Me and my Dad are out of ideas and in need of some advice. We're trying to install a built '66 289 with a 6-bolt bell into his 1964 Mercury Comet. The Comet was originally a 5-bolt 260, 3-speed. We were looking to swap in a '64 T10 at the same time but both trannies have the small bolt pattern to the bellhousing. After searching through junkyards and talking to everyone we could find the conclusion was we needed a Lakewood bellhousing #15200. Very expensive but he bought one. It almost fits. The stock 157T flywheel and starter, the stock clutch fork and it bolts to the trans but the index rings won't fit the small bearing retainer on the T10 or the stock 3-speed. Does anyone know if a bearing retainer from a newer top loader or other transmission will fit? Do we really need the retainer to fit snug in the bellhousing? Any help would be greatly appreciated. The cars been in the family since 1990 and it's sad seeing its parts laying all over the shop.
You do need the trans indexed to a few thousandths. It's been decades since I dealt with your problem. I had a t 10 and a Ford top loader that I swapped back and forth when dealing with the different bolt patterns. I had a 64 hipo 289 that was 5 bolt and a 66 Mustang 6 bolt engine that I swapped around.
Not sure if this will help or not? When I was putting a 66 top loader 4 speed behind my flathead the index hole in the steel bell housing was too small by about an 1/8 inch so I had a local machine shop open it up so the bearing retainer would fit. You don't note if your using a steel or aluminum bell housing but I would bet if its too loose you could get the register hole welded up a bit to get the hole smaller and then have it machined to fit your bearing retainer. Shouldn't be too expensive or tough to do for a machine shop. If the hole is too small they can open it up a bit. Conversely you can also have the bearing retainer turned down if needed.

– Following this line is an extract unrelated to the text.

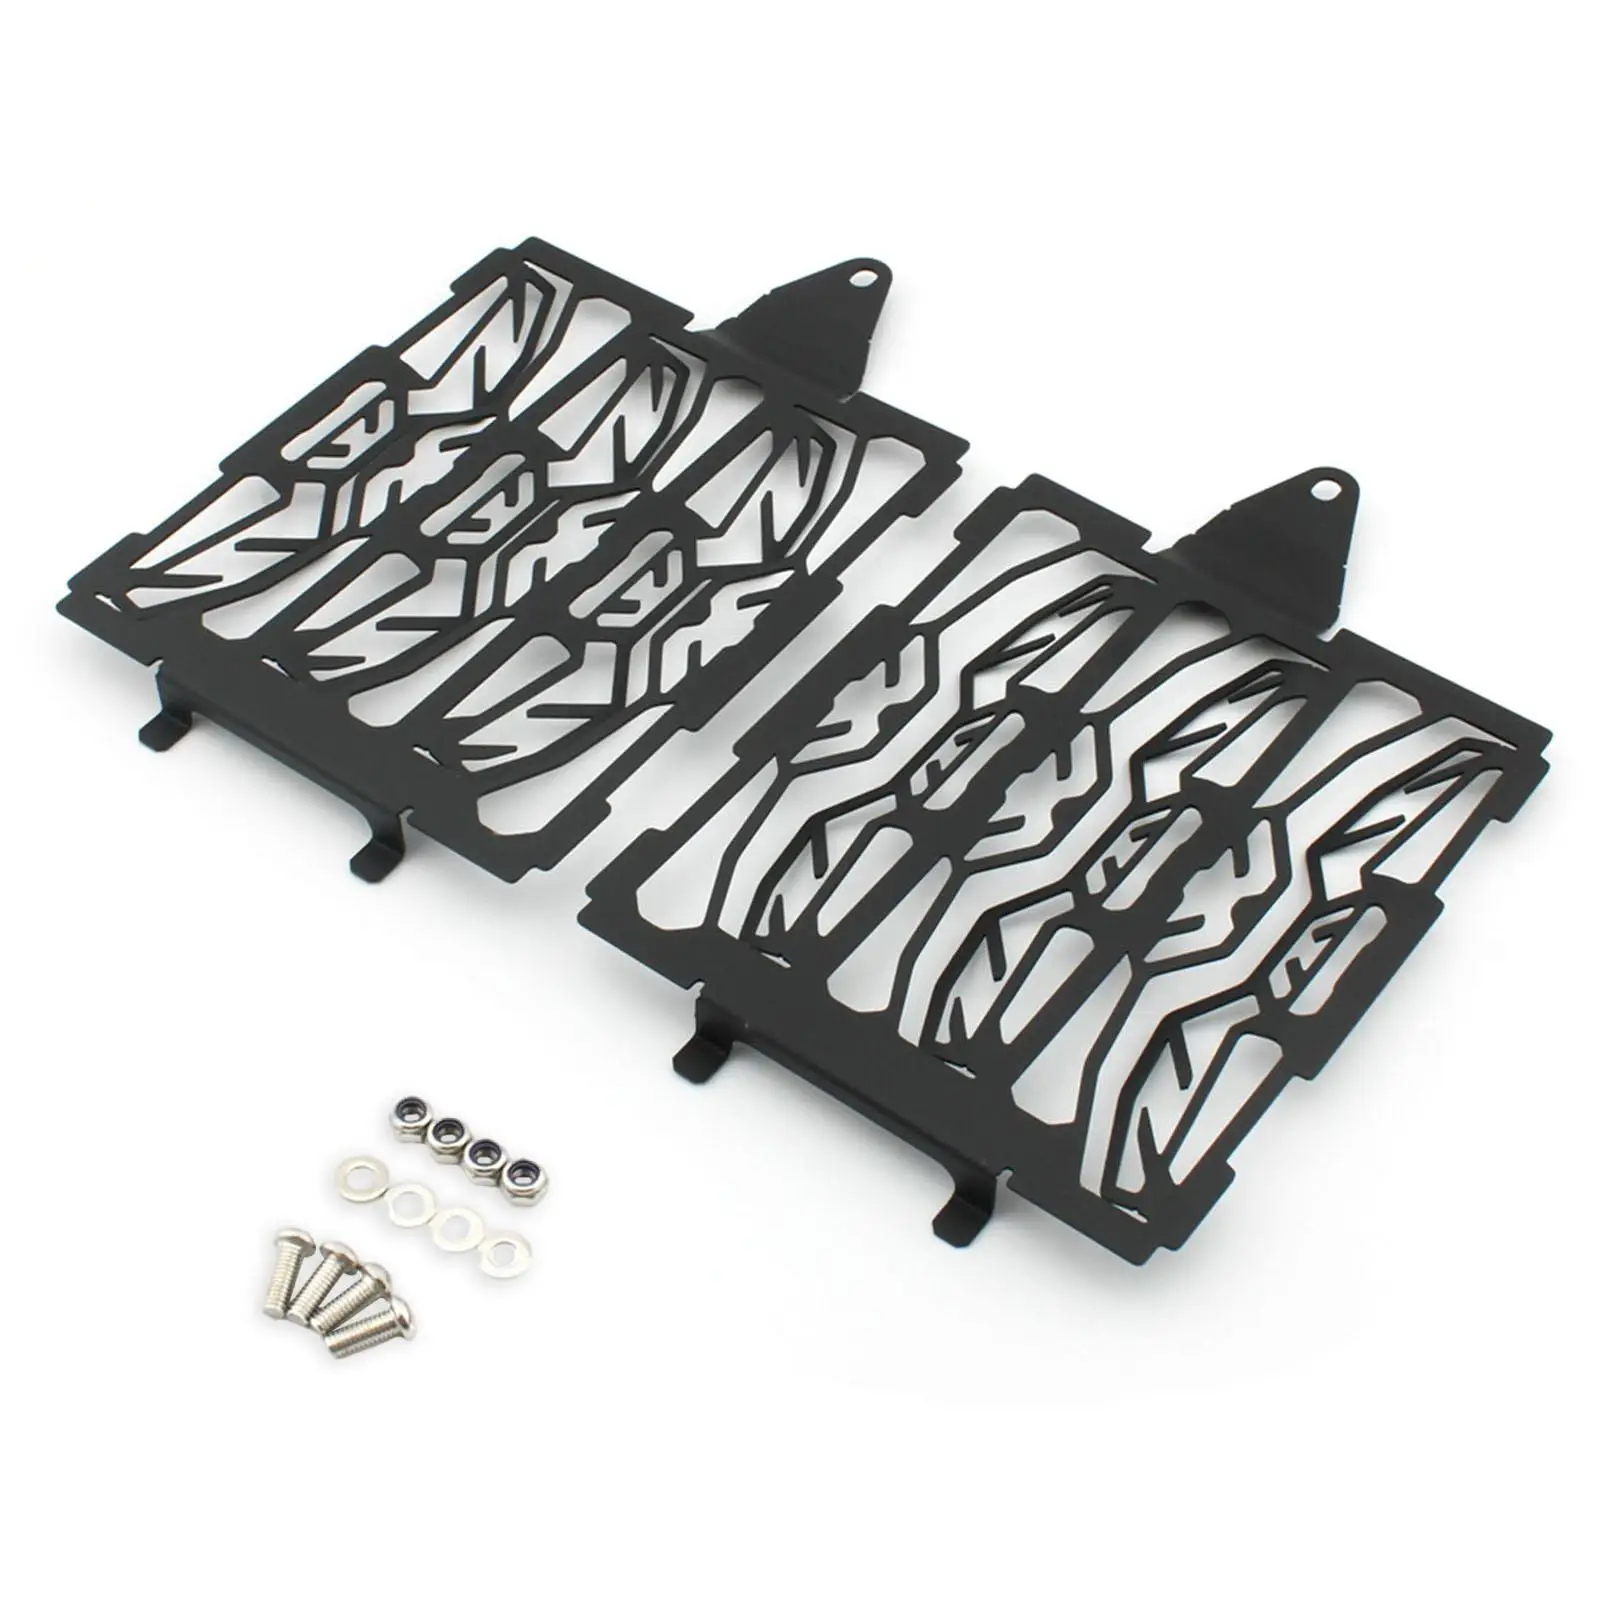 

Motorcycle Heat Sink Grille Guard Stable Performance Professional Heat Sink Protector for R1300GS Adv Direct Replacement

It's a steel ****tershield from Lakewood. Apparently Holley owns them now but they're hard to get anyone on the phone. It came from Summit but they say they don't offer a smaller index ring. The old T10 bearing retainer is way smaller than the new bellhousing hole. I guess it could be welded up then made to fit the T10 but for nearly $600 it should work out of the box. With the new bellhousing plus machine work we could just buy a newer style toploader.
Welding on a new bell housing ( or old) could present new problems, now I said could. Take the bearing retainer off the transmission and the bellhousing to a machine shop and have a ring turned to make them compatible. Have the machine shop machine a “ lip “ on the retainer and a mirror image of it on the ring so it will stay put. Your out maybe a $100 and problem solved. Bones
I bought a t-85 overdrive transmission (what a t-10 was designed from) that was bolted to a small block 6 bolt bellhousing. Someone made an adapter to register the transmission to the bellhousing. Just an aluminum ring that was a press fit to the bearing retainer and just a tight fit to the bellhousing bore. They also drilled and tapped the bellhousing to match the transmission bolt pattern. A lot cheaper than buying a ****ter shield. Send that ****er back to Summit.
A newer style bearing retainer will fit the older T10. You do need a good snug fit as that's what indexes the trans to the crank center; don't depend on the mounting bolts to do this. Re-drilling the bellhousing isn't possible on just any Ford bell, some have enough meat to do that but most don't. Ford also built a limited number of dual-pattern bells as 'service replacements' (allowing 6-bolt motors to replace 5-bolts without changing the trans) but those are rare. The other thing you need to check is the pilot bearing shaft length on the end on the trans input shaft. The SBF uses a 1.125" shaft, the FE is only .75". Using the FE style with the standard SBF bronze pilot bushing will result in bushing failure pretty quickly as it doesn't engage the bushing deeply enough. Steel pilot bearings are available to fix this.
The add does say 3 index rings. We only got 2 but the paperwork shows the 3rd as being very small for a Mopar. Something like 4.350 and the best we can measure the T10 is about 4.65. The 2 rings we got are in the 4.8s and 4.9s. The input shaft length is the same as the stock 3-speed. It's from a '64 Falcon and uses the same odd transmission mount and the shifter clears the bench seat. He has a 3-speed O/D external shift from a '78 Granada we thought about but he doesn't have any of the shifting parts and the shifter would mount too far back. I did take the bearing retainer off the O/D and I think it would bolt up but the shaft part is a lot bigger around. The retainer from the T10 won't even fit over the input shaft on the O/D trans. There's supposed to be a Toploader spe******t fairly close by so I'm gonna call and see if maybe a '65 up bearing retainer will fit a '64.
An index ring came with the bellhousing that would fit the newer style. So '65 up has the same 4-bolt spacing on the retainer for the '64? Would that include the 3.03 3-speeds, T-18 and T-19 truck transmissions also? We're planning a junkyard trip Saturday and there's loads of pickups there.
I don't think the Ford toploader and T10 retainers will swap, but you may have luck with some of the truck trans.